▶ **What this task involves**: What is needed is an exact copy of every entry, without the pictures.
========
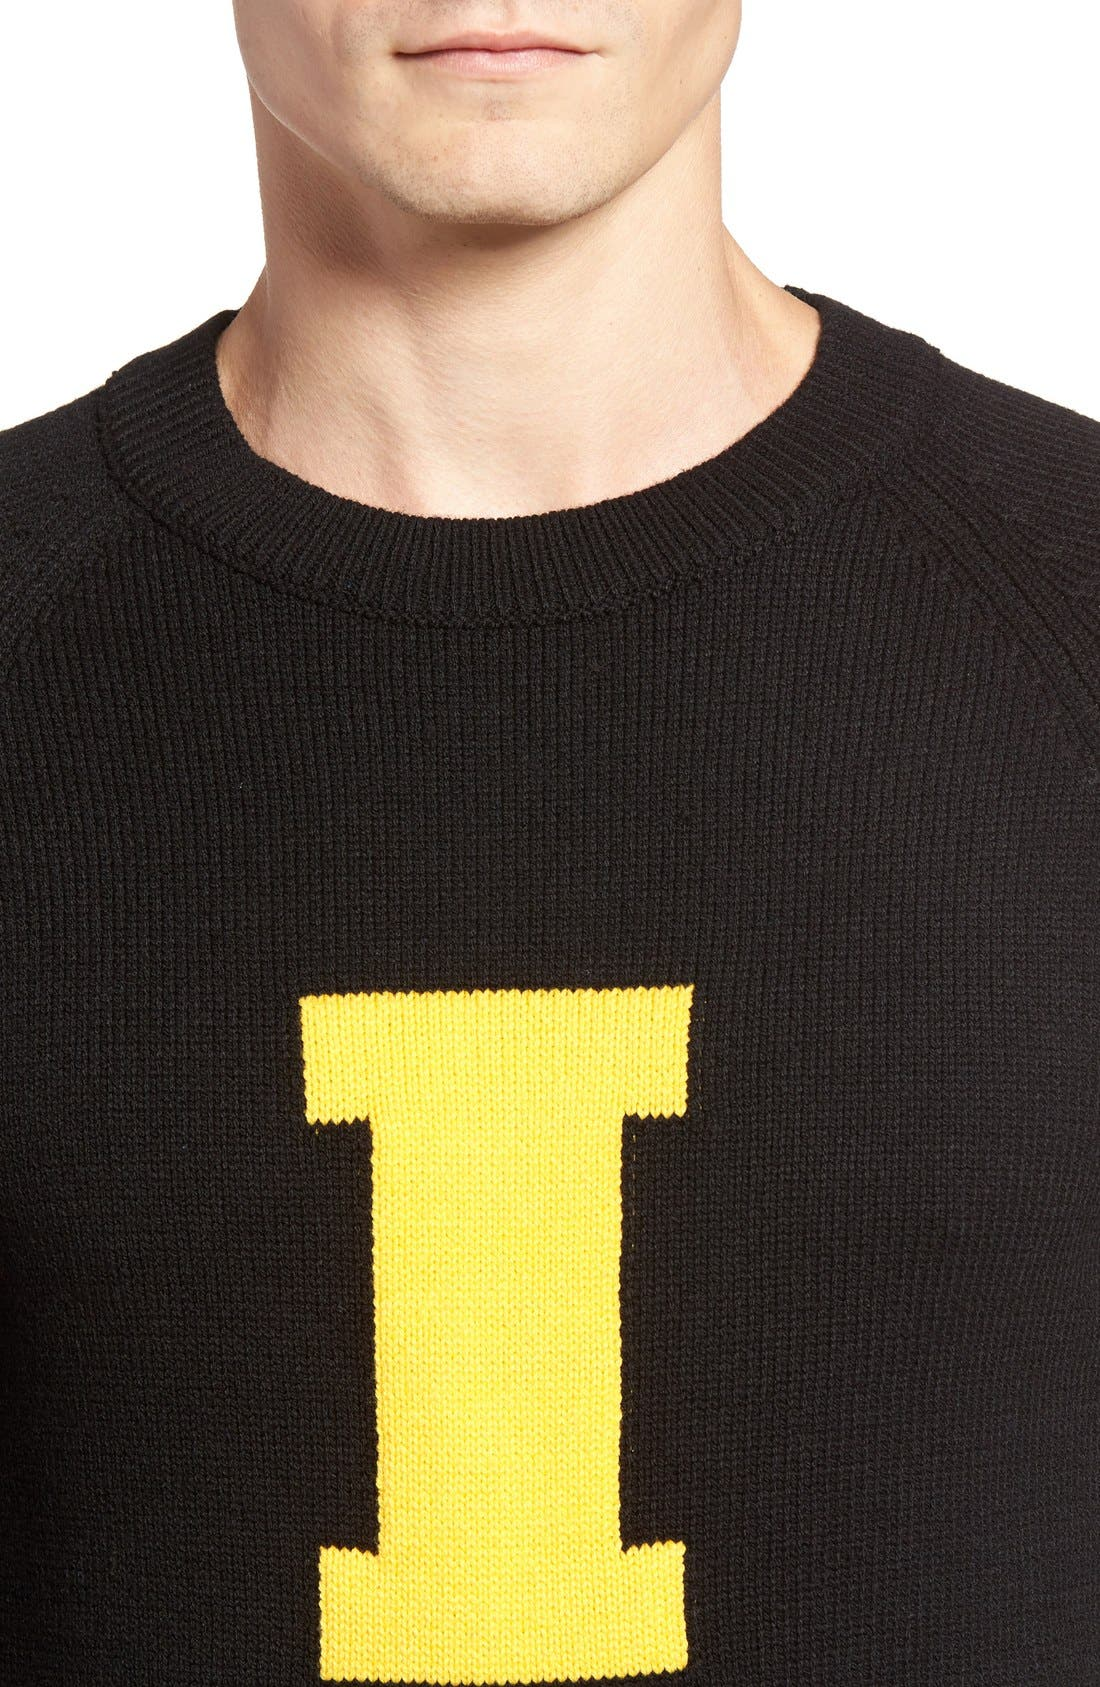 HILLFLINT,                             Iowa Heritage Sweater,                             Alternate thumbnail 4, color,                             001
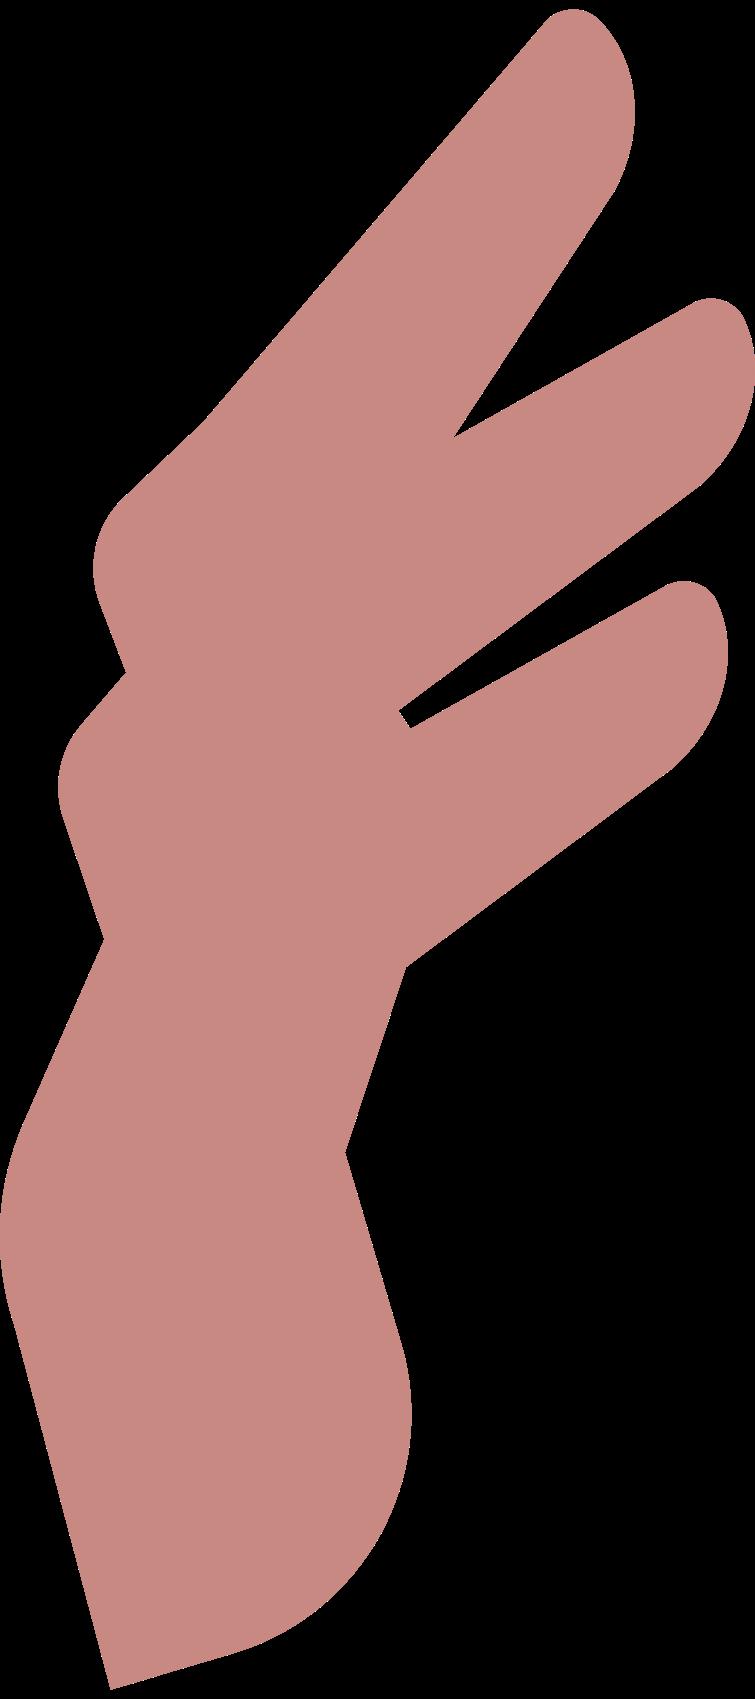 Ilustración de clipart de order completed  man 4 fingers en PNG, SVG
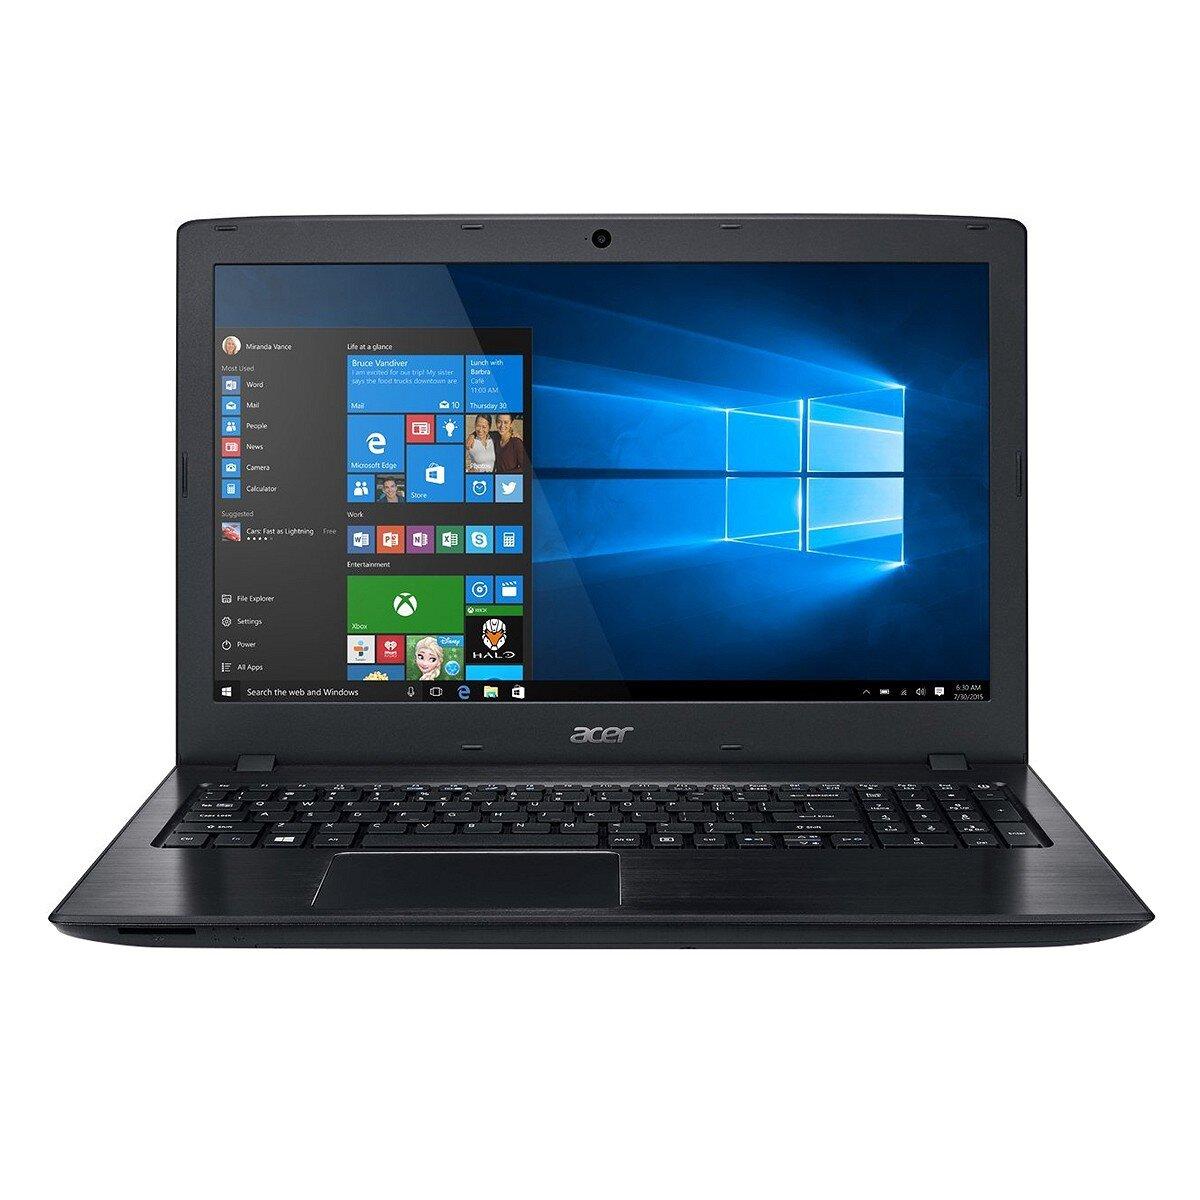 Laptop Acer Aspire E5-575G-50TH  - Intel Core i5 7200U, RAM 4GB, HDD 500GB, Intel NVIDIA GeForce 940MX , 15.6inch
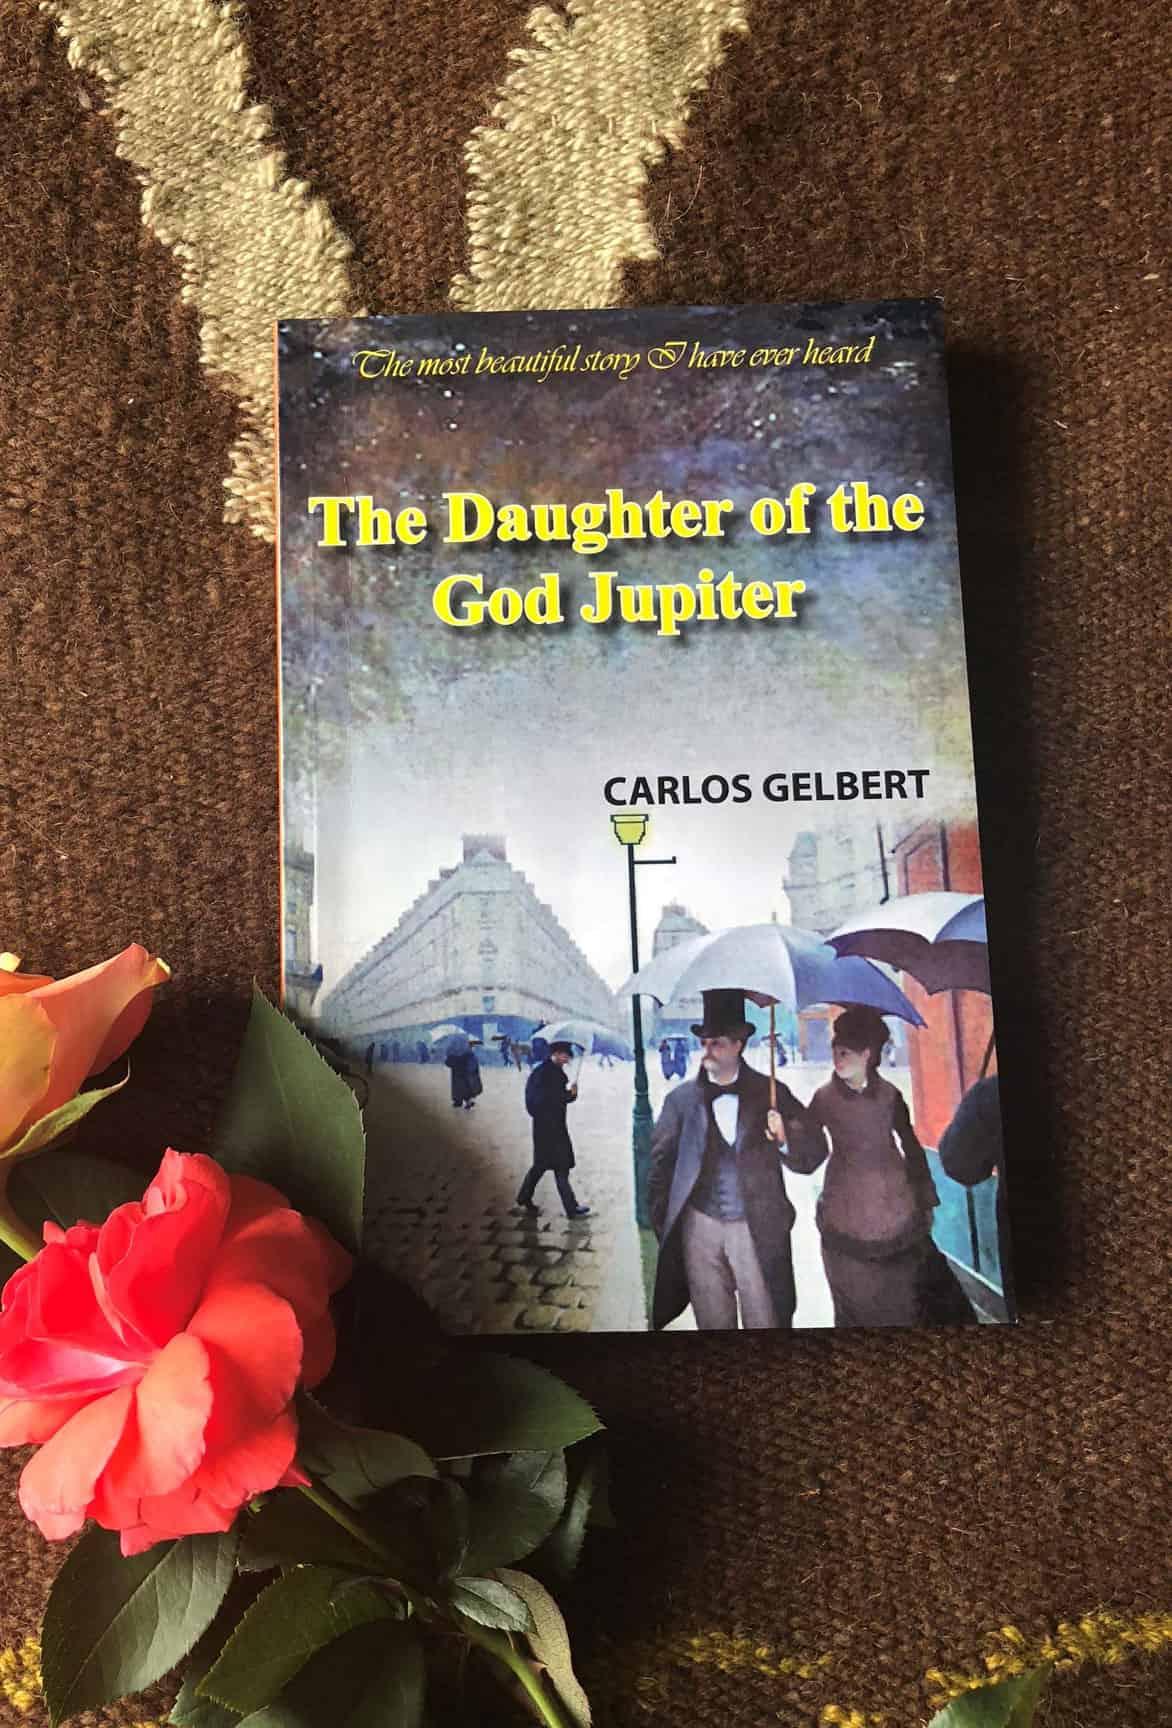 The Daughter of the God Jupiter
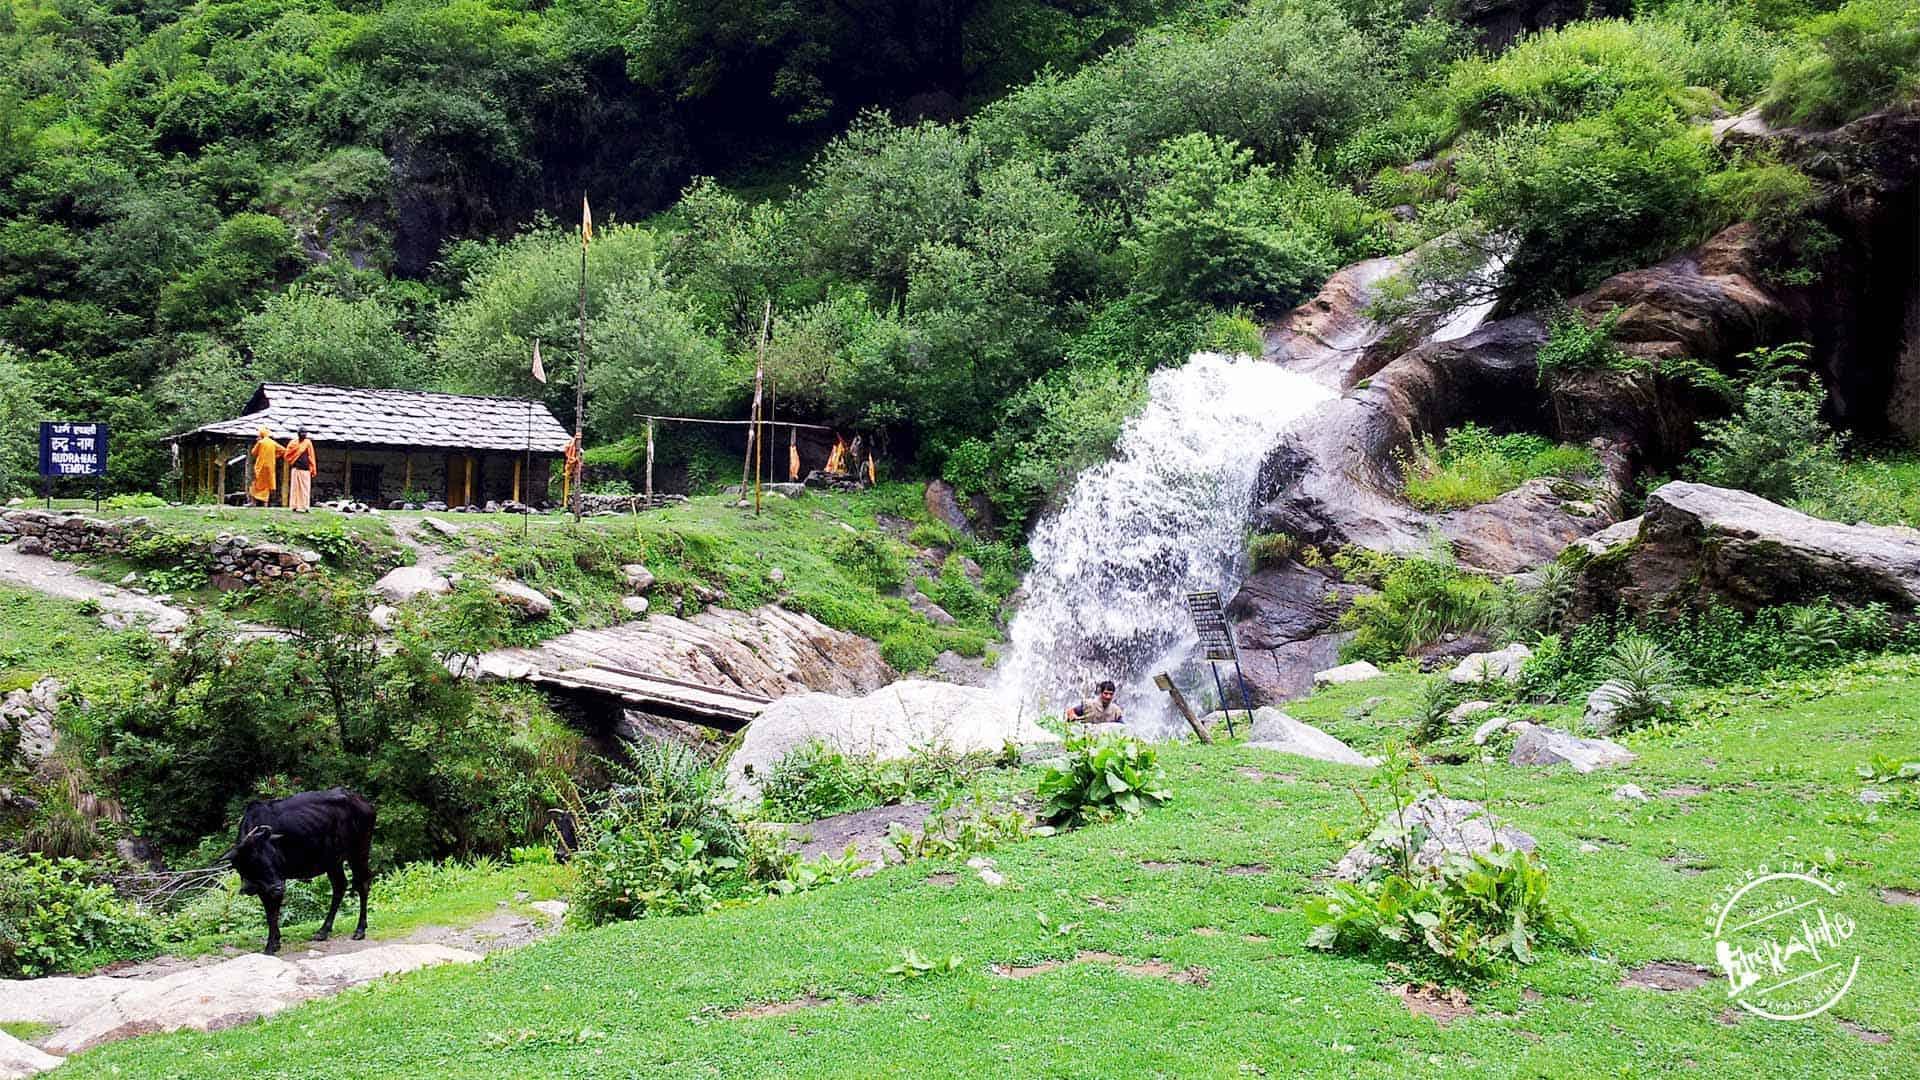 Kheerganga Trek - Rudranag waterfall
========
▶ **Written reply**:
 HILLFLINT,                             Iowa Heritage Sweater,                             Alternate thumbnail 4, color,                             001
 Ilustración de clipart de order completed  man 4 fingers en PNG, SVG
 Laptop Acer Aspire E5-575G-50TH  - Intel Core i5 7200U, RAM 4GB, HDD 500GB, Intel NVIDIA GeForce 940MX , 15.6inch
 The Daughter of the God Jupiter
 Kheerganga Trek - Rudranag waterfall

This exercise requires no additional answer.